__Supplied material__.
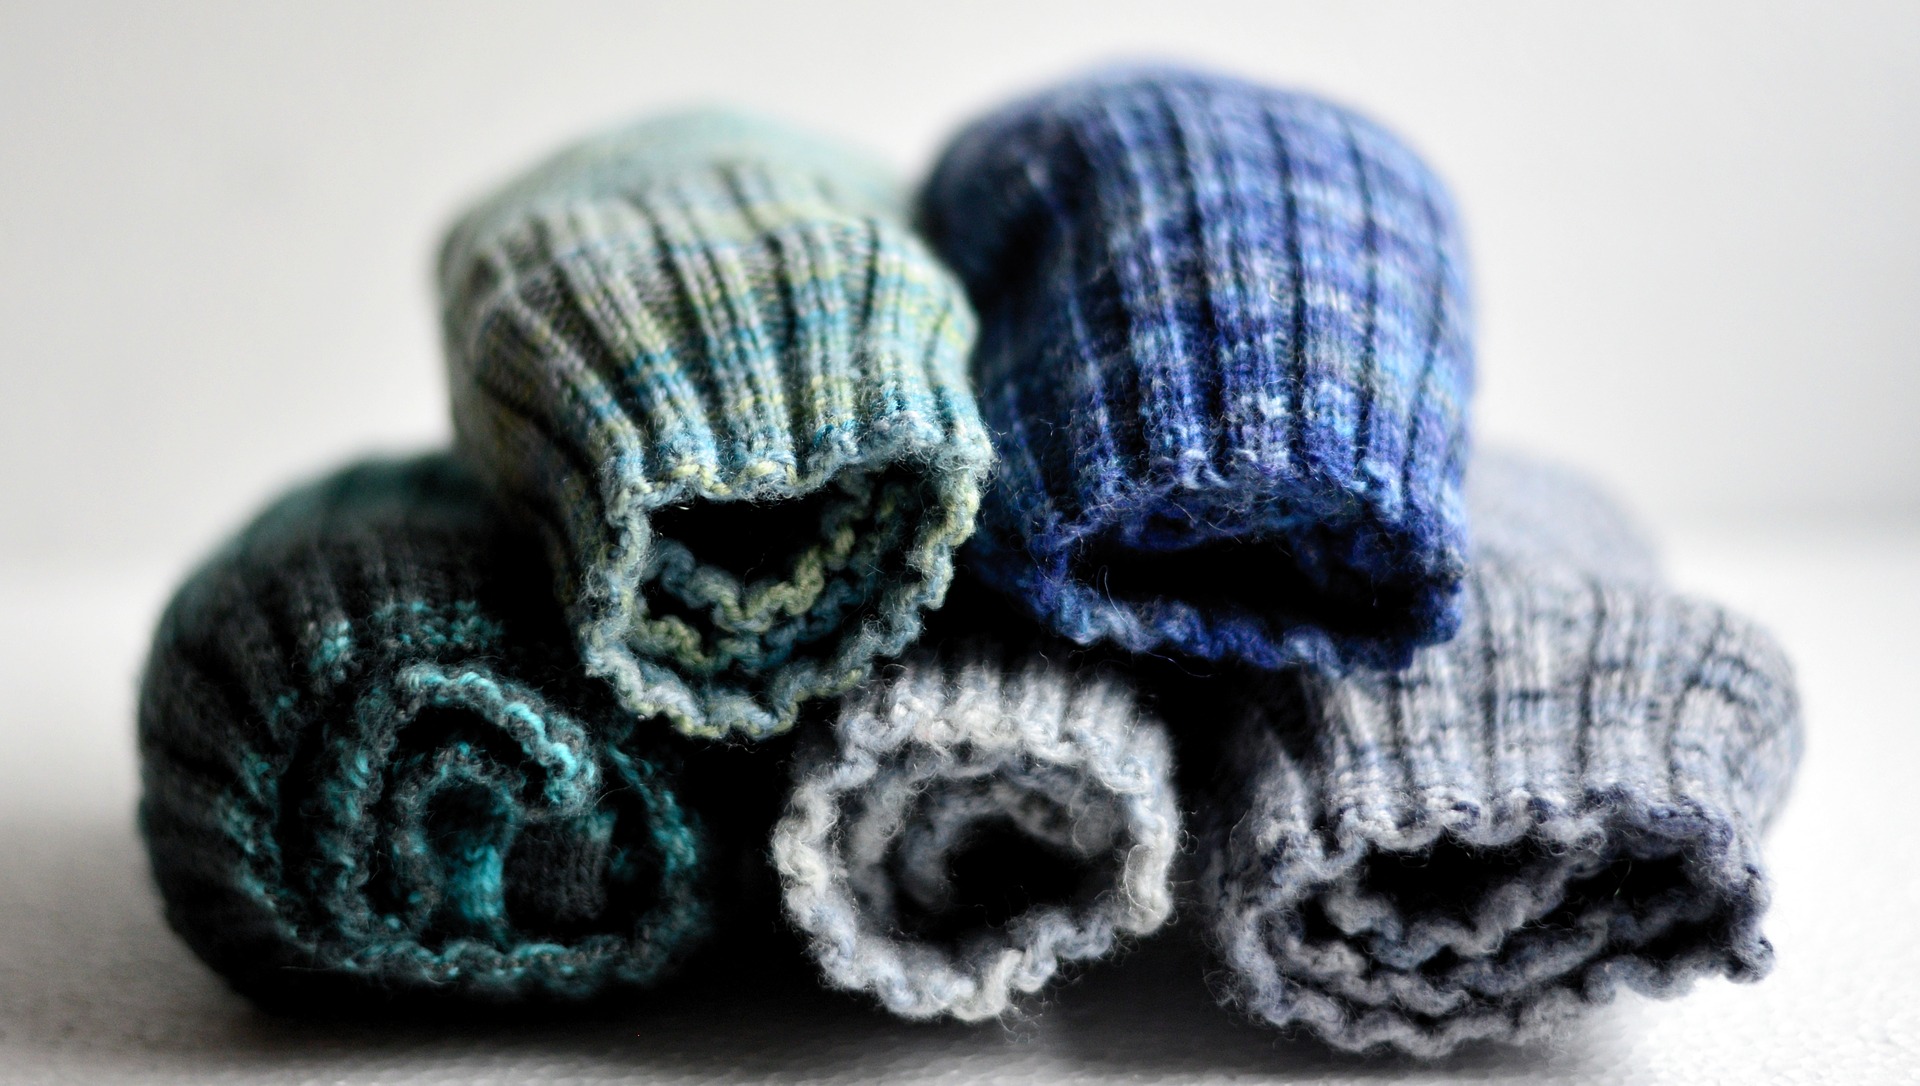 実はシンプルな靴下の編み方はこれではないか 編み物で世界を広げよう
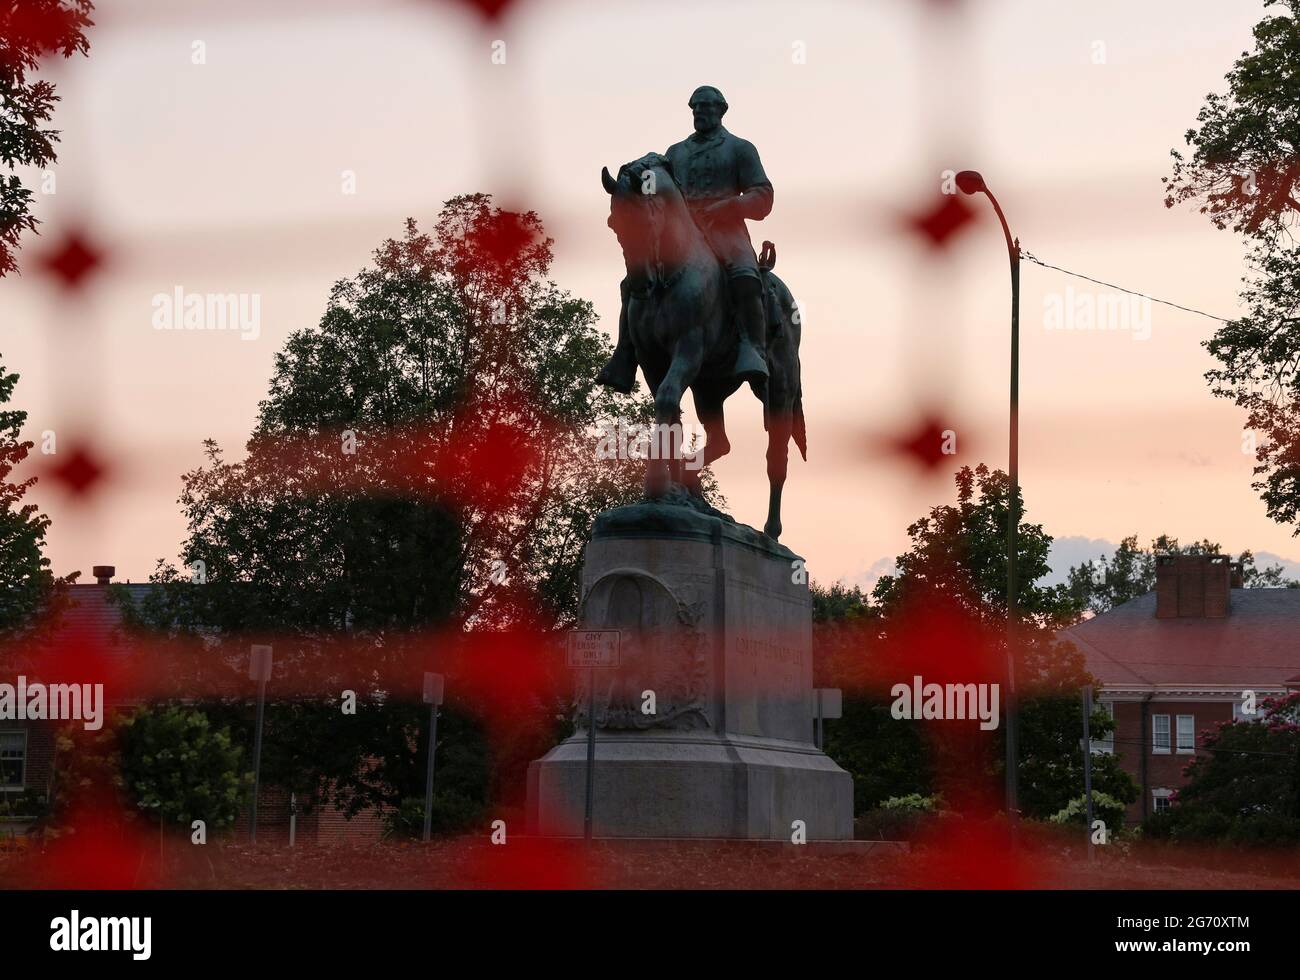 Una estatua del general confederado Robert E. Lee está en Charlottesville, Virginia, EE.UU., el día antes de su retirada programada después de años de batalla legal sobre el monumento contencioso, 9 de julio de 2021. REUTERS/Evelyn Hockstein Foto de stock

---

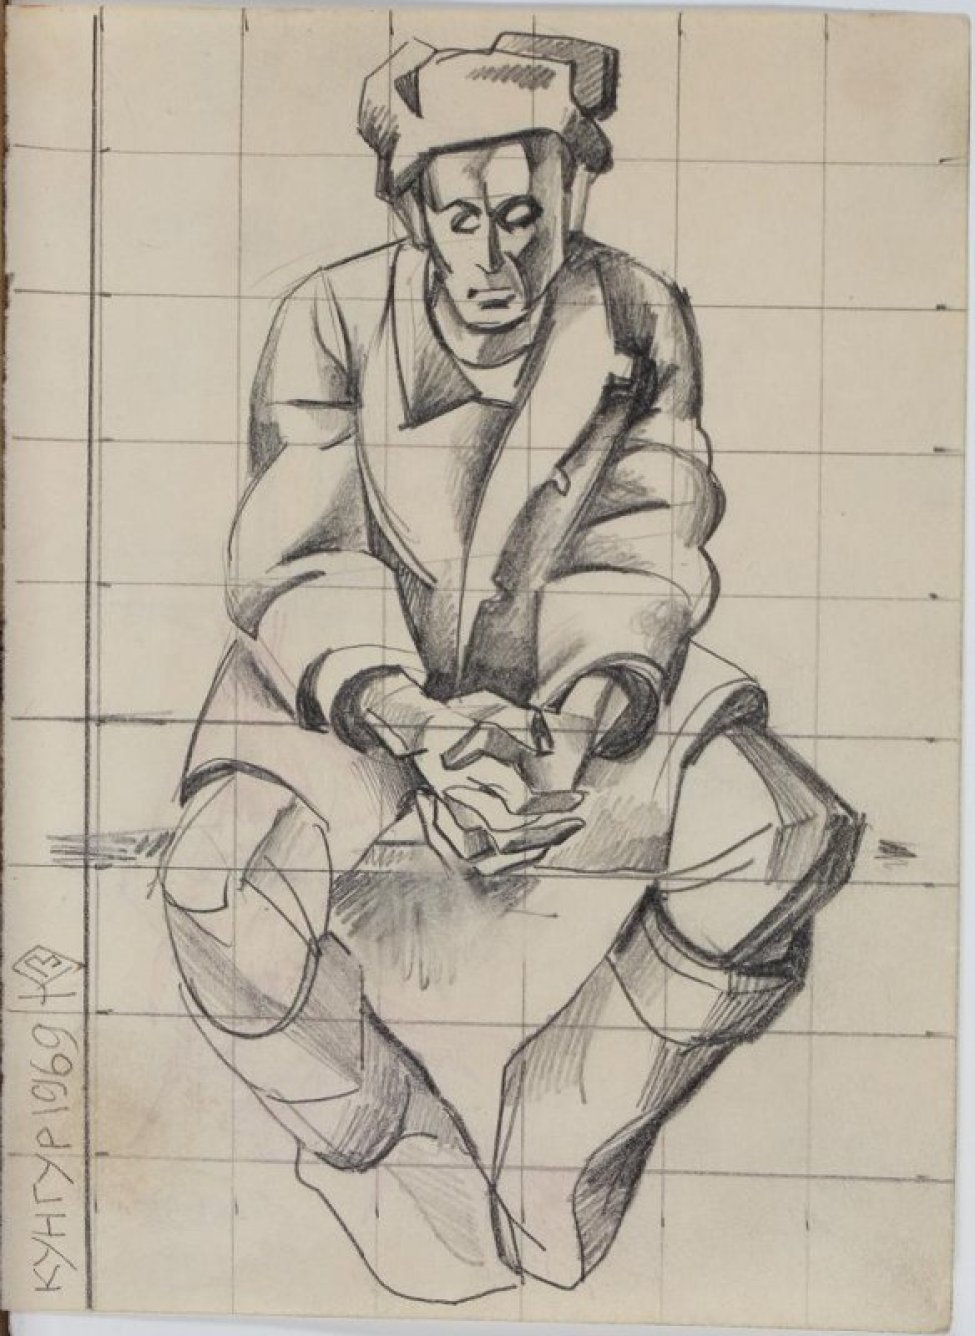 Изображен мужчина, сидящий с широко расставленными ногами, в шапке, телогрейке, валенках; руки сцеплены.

__Try it__. Output exactly the lines of the listing above that start with the one holding "実はシンプルな靴下の編み方はこれではないか 編み物で世界を広げよう" and go on through the one holding "Una estatua del"; leave the pictures out.

__Answer area__.
 実はシンプルな靴下の編み方はこれではないか 編み物で世界を広げよう
 Una estatua del general confederado Robert E. Lee está en Charlottesville, Virginia, EE.UU., el día antes de su retirada programada después de años de batalla legal sobre el monumento contencioso, 9 de julio de 2021. REUTERS/Evelyn Hockstein Foto de stock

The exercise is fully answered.